--- WHAT YOU SHOULD DO ---
The answer is to be the lines below that lie between the line holding "red-devil-mulch" and the line holding "Family Restaurant with Full Service Bar", inclusive, transcribed exactly and free of pictures.
--- DATA SECTION Enclosed Below ---
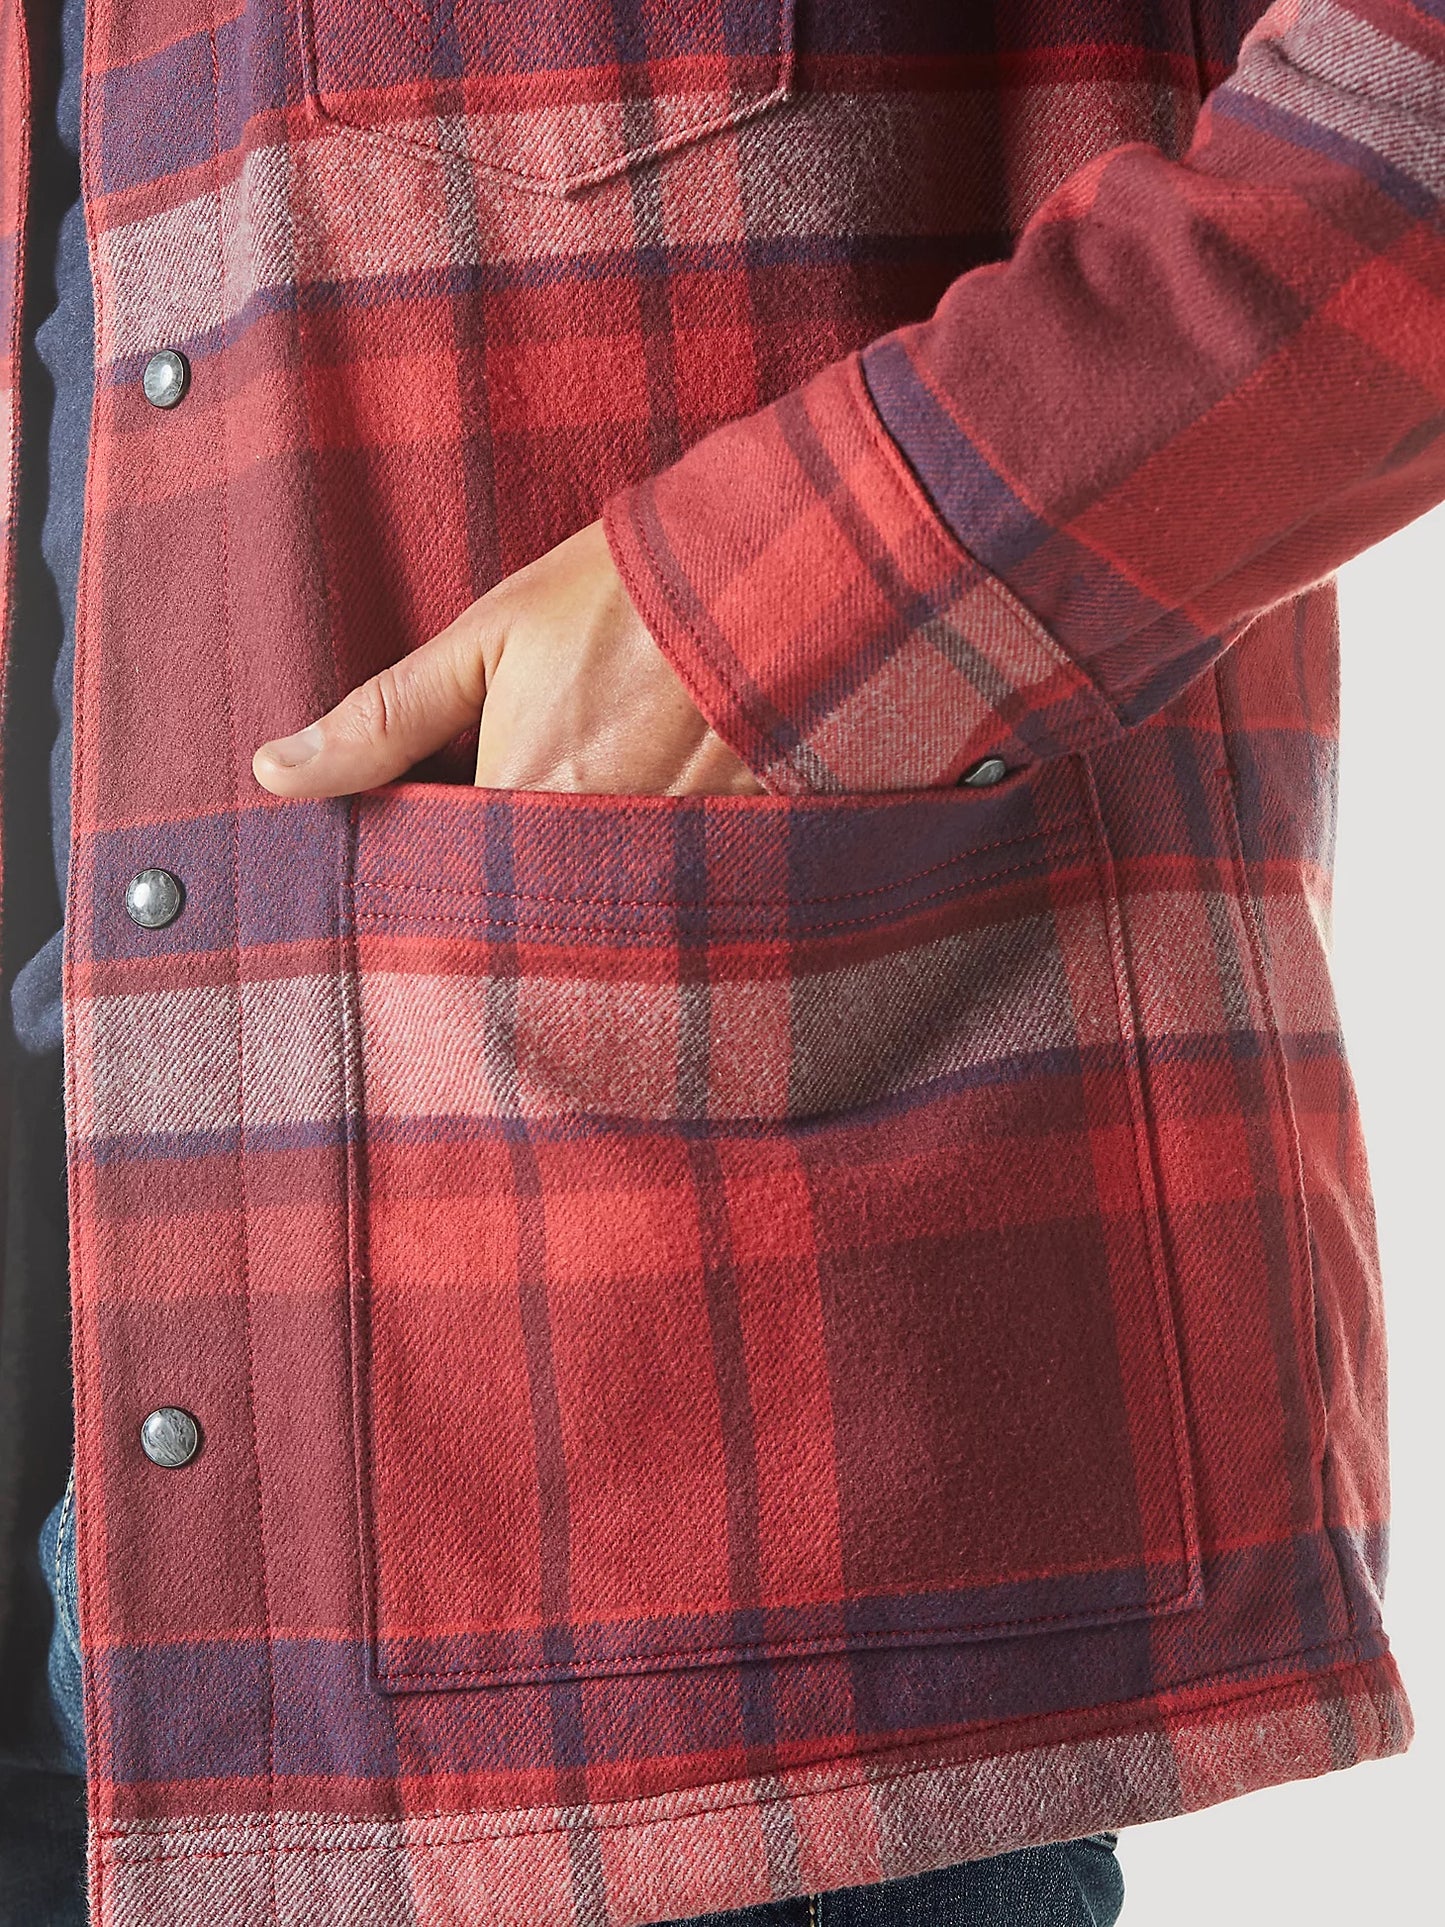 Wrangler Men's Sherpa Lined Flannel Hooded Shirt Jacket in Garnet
--- End of Enclosed DATA SECTION ---
--- DATA SECTION Enclosed Below ---
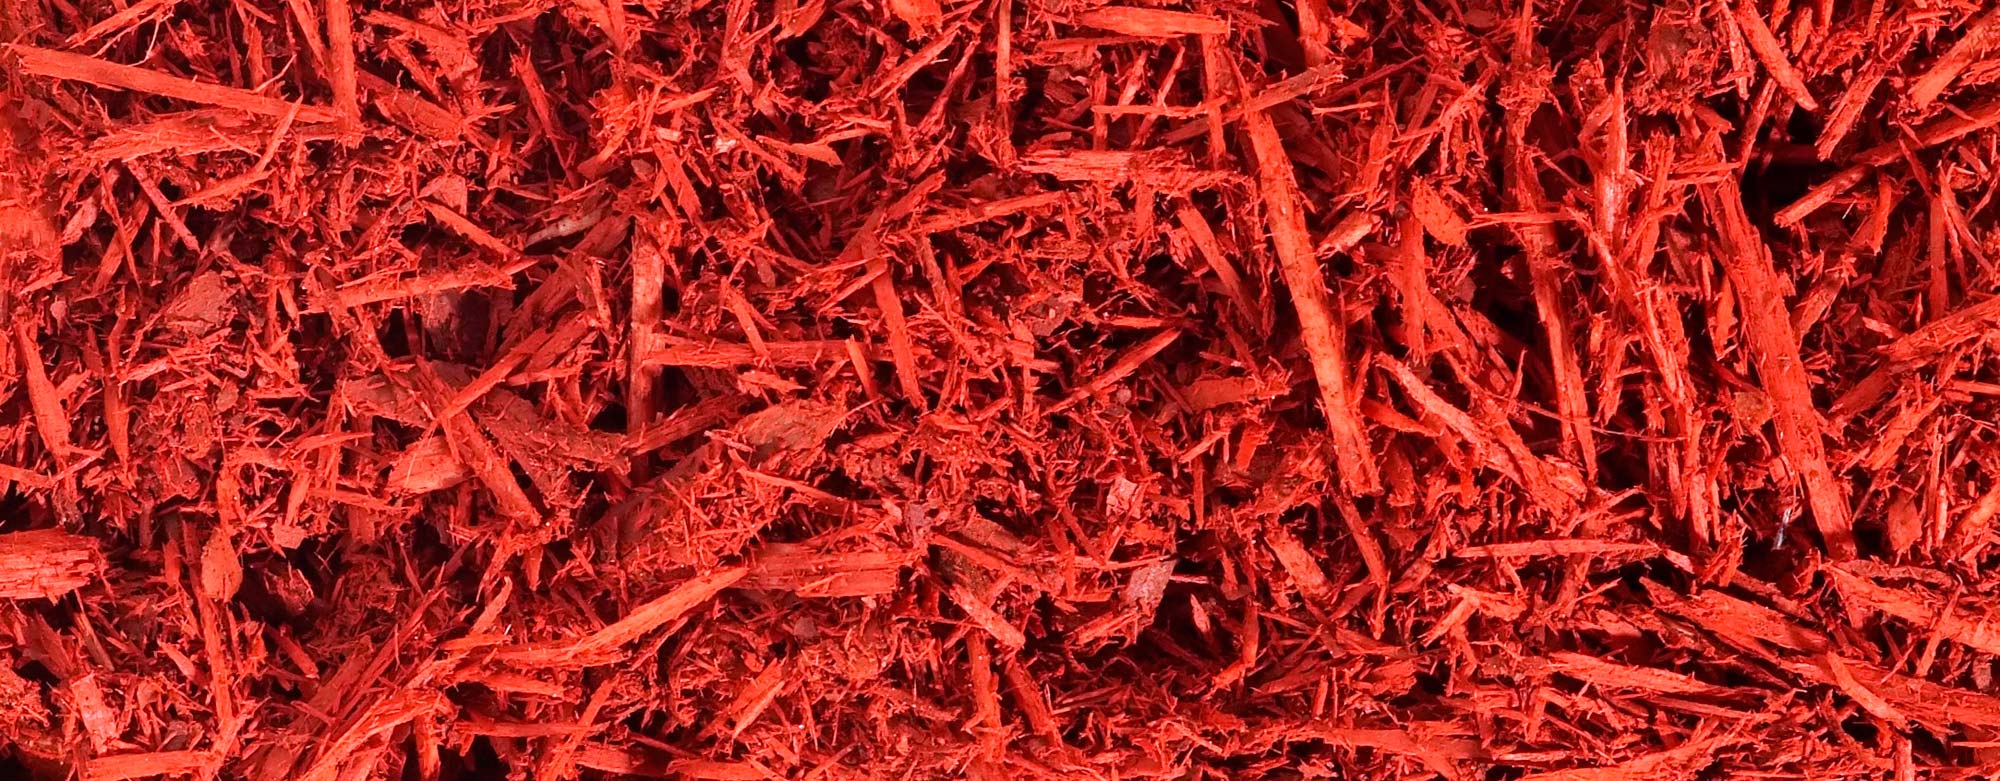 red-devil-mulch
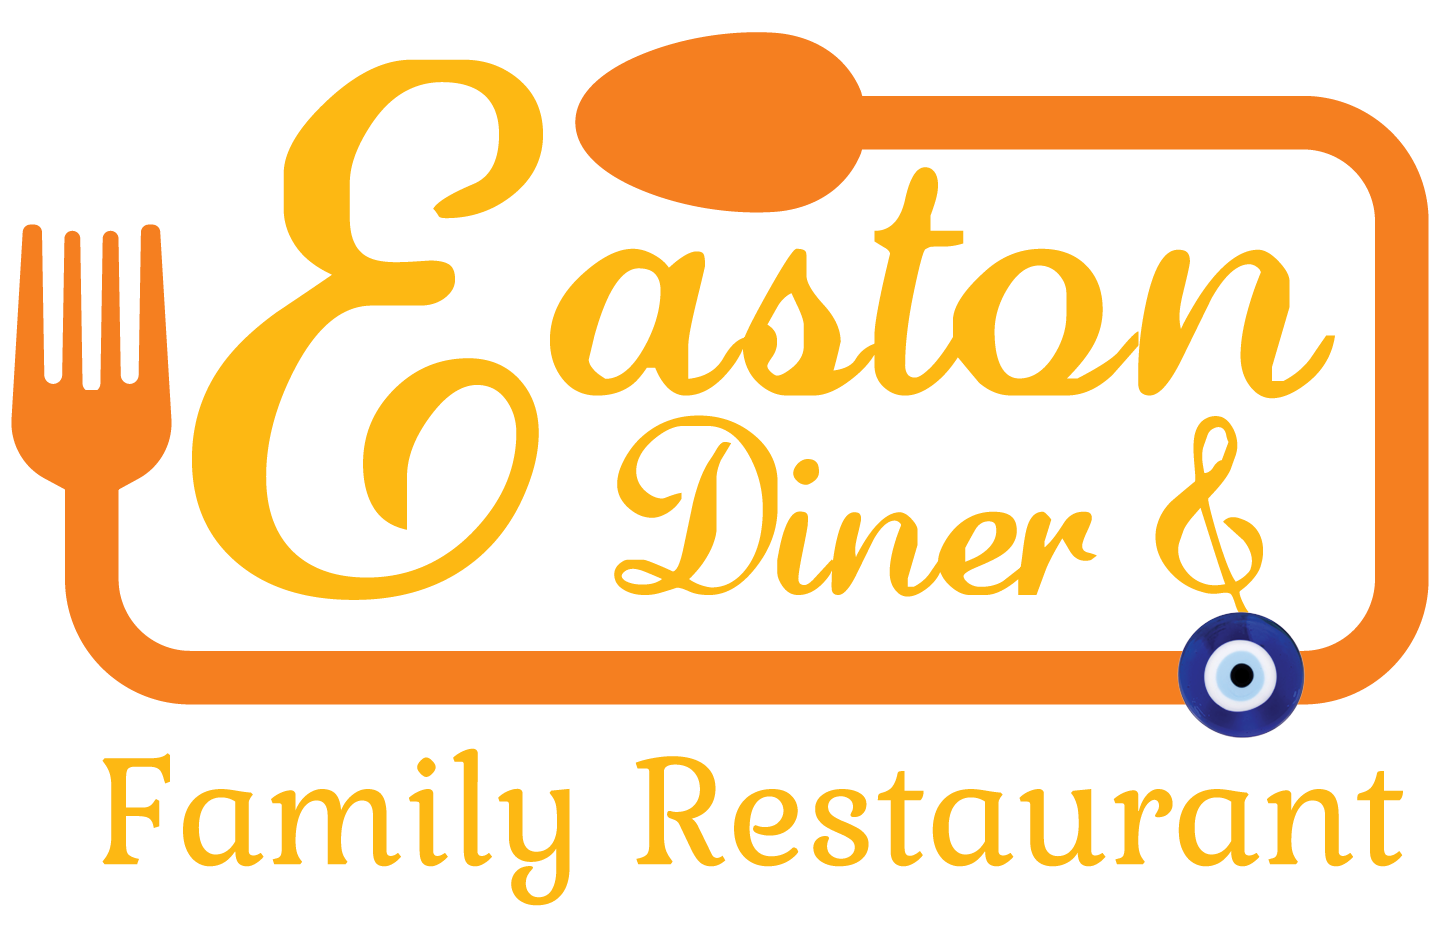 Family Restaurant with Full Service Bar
--- End of Enclosed DATA SECTION ---
--- DATA SECTION Enclosed Below ---
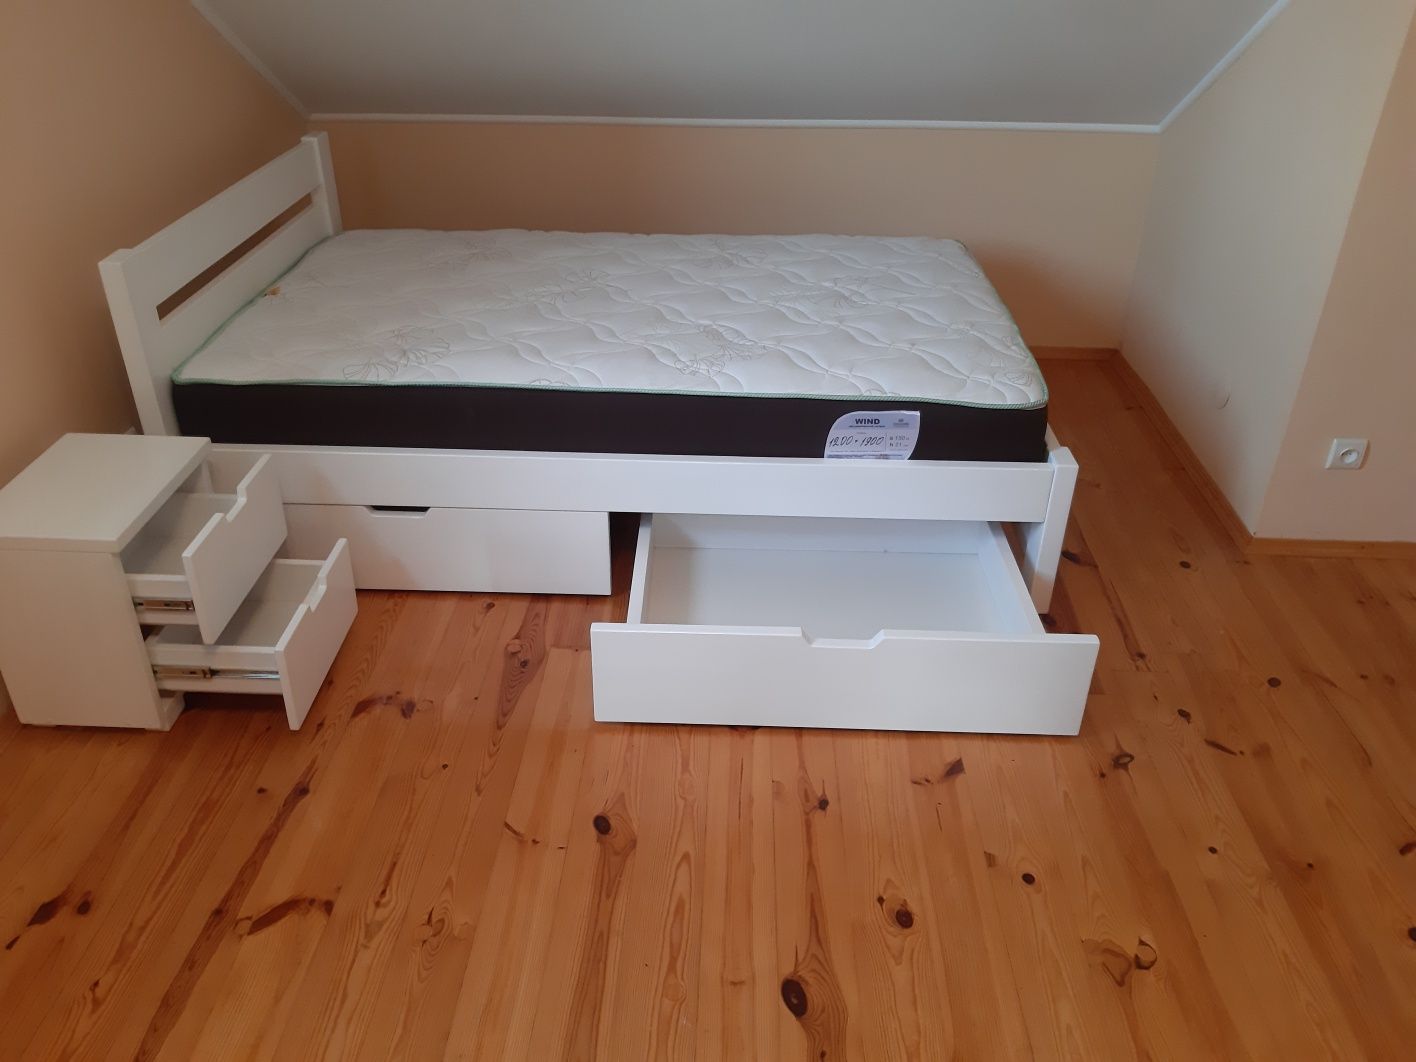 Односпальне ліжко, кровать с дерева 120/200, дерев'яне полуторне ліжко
--- End of Enclosed DATA SECTION ---
--- TASK ANSWER ---
 red-devil-mulch
 Family Restaurant with Full Service Bar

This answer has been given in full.